Despite the data storage and organization efficiency of HDF files, they can be rather difficult to work with in R. I know I’ve struggled with them early on and spent countless hours on forums trying to figure out seemingly simple issues. This post is for those readers who work with HDF-EOS files and are interested in converting them into ArcGIS-ready geotiff files.

First off, acknowledgements: This function would not have been possible with out the hard work and dedication by Jonathan Greenberg at the University of Illinois, and Matteo Mattiuzzi at the University of Natural Resources and Life Sciences in Vienna.

The code is below. It is commented and is, as always, also available as a Gist. The entire script should be self explanatory if you’re a regular R user.

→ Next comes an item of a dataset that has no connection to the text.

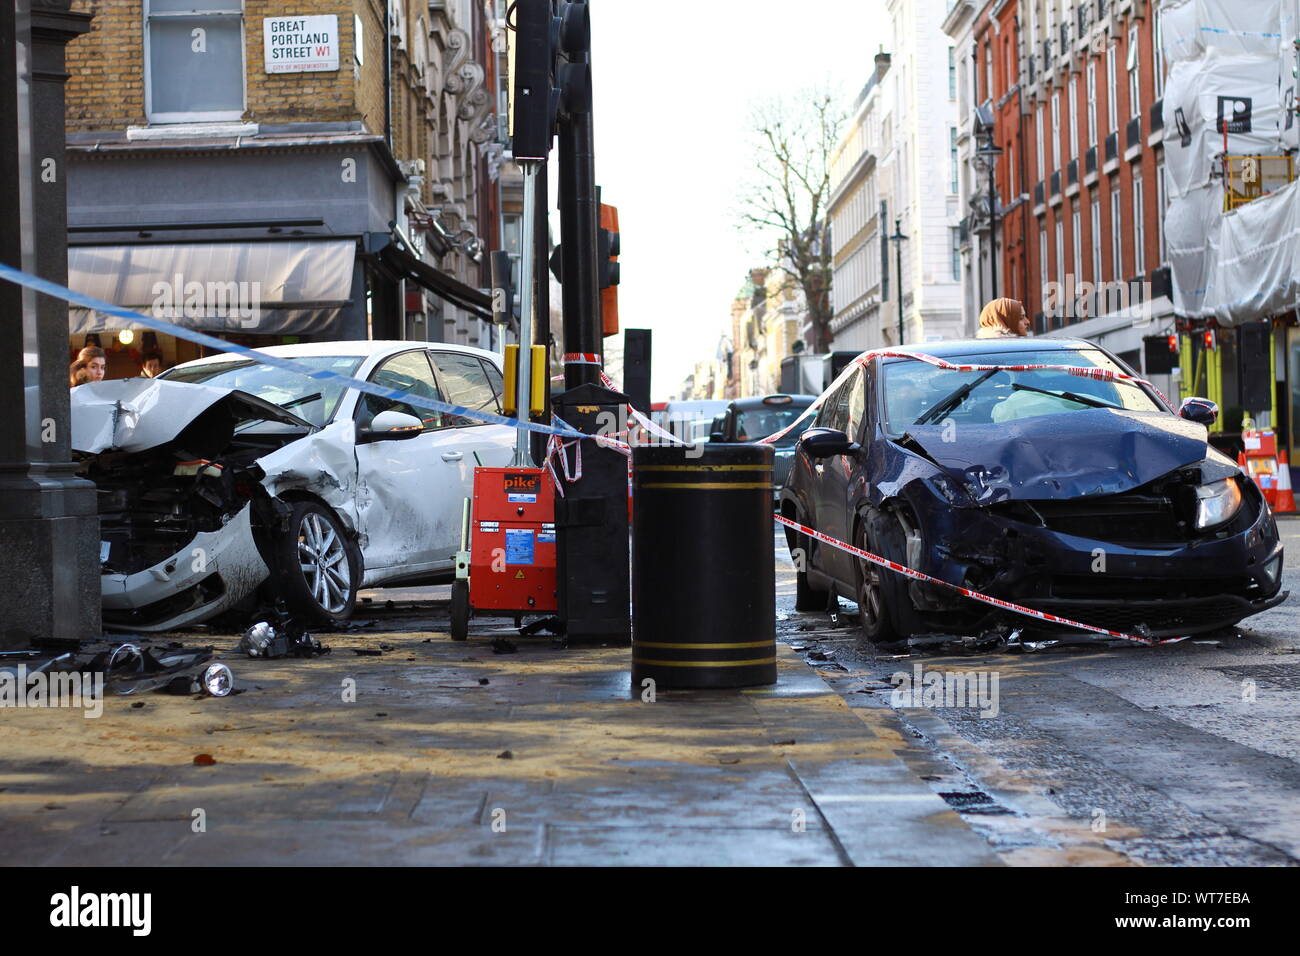 AUTHENTIC IMAGERY. CAR CRASH IN LONDON'S WEST END. BAD DRIVING. REAL THINGS. REAL PLACES. REAL PEOPLE. HONEST IMAGERY. HEARTFELT IMAGERY. NEWS TYPE IMAGERY. AFTERMATH IMAGERY. CONSEQUENCES OR AFTER EFFECTS OF A SIGNIFICANT UNPLEASANT EVENT. ACCIDENT. ACCIDENTAL EVENTS. ROAD SAFETY. AUTHENTIC IMAGERY ON alamy.com Stock Photo

projHDF2GTiff = function(loc, hdfs, gtiffs, lyr, fromSRS, toSRS){ 
  if("gdalUtils" %in% rownames(installed.packages()) == FALSE){
    install.packages("gdalUtils", repos="http://r-forge.r-project.org")
    require(gdalUtils)
  } # install and load the gdalUtils package. 
  setwd(loc) # set the working directory to where the data is
suppressWarnings(dir.create(paste(loc,"Projected",sep="/"))) # create a directory to store projected files
    for (i in 1:length(hdfs)){ 
        gdal_translate(hdfs[i],gtiffs[i],sd_index=lyr) # extract the specified HDF layer and save it as a Geotiff
            gdalwarp(gtiffs[i],paste(loc,"Projected",gtiffs[i],sep="/"),s_srs=fromSRS,t_srs=toSRS,srcnodata=-3000,dstnodata=-3000,overwrite = T) # project geotiffs
            unlink(gtiffs[i]) # delete unprojected geotiffs to save space
    }
      }

Now that you’re done studying the function, let’s have a bit of fun with it:

# load variables
myloc = "c:/Users/Hakim/Downloads/test_data/test/" # working directory
hdfs1 = list.files(getwd(), pattern="hdf$") # HDF file list
gtiffs1 = gsub("hdf","tif",hdfs1) # out out GeoTIFF file list
frm.srs = "+proj=sinu +lon_0=0 +x_0=0 +y_0=0 +a=6371007.181 +b=6371007.181 +units=m +no_defs" # original HDF SRS
to.srs = "+proj=longlat +datum=WGS84 +no_defs" # desired GeoTIFF SRS
s.nodata = -3000 # HDF nodata value
d.nodata = -3000 # GeoTIFF nodata value
# lyr is the HDF layer you want to extract. In this example it is "1" to 
# signify the first layer in the HDF file i.e. NDVI
# execute the function
projHDF2GTiff(loc = myloc, hdfs = hdfs1, gtiffs = gtiffs1, lyr = 1, fromSRS = frm.srs, toSRS = to.srs,
srcnodata = s.nodata, dstnodata = d.nodata)
rm(myloc,hdfs1,gtiffs1,frm.srs,to.srs,s.nodata,d.nodata) # remove variables to save memory

You’ve got your desired HDF layer extracted and projected. But your study area is huge and you have a lot of GeoTIFFs that make it up. You have some analyses to run on these files and at this point you have two options: (1) run the analyses on each file separately and mosaic them ex post facto because you have limited computing resources, or (2) mosaic them first and then run the analysis because you have enough computing resources. Either way, you need to mosaic them. The function is below and is also available as a Gist.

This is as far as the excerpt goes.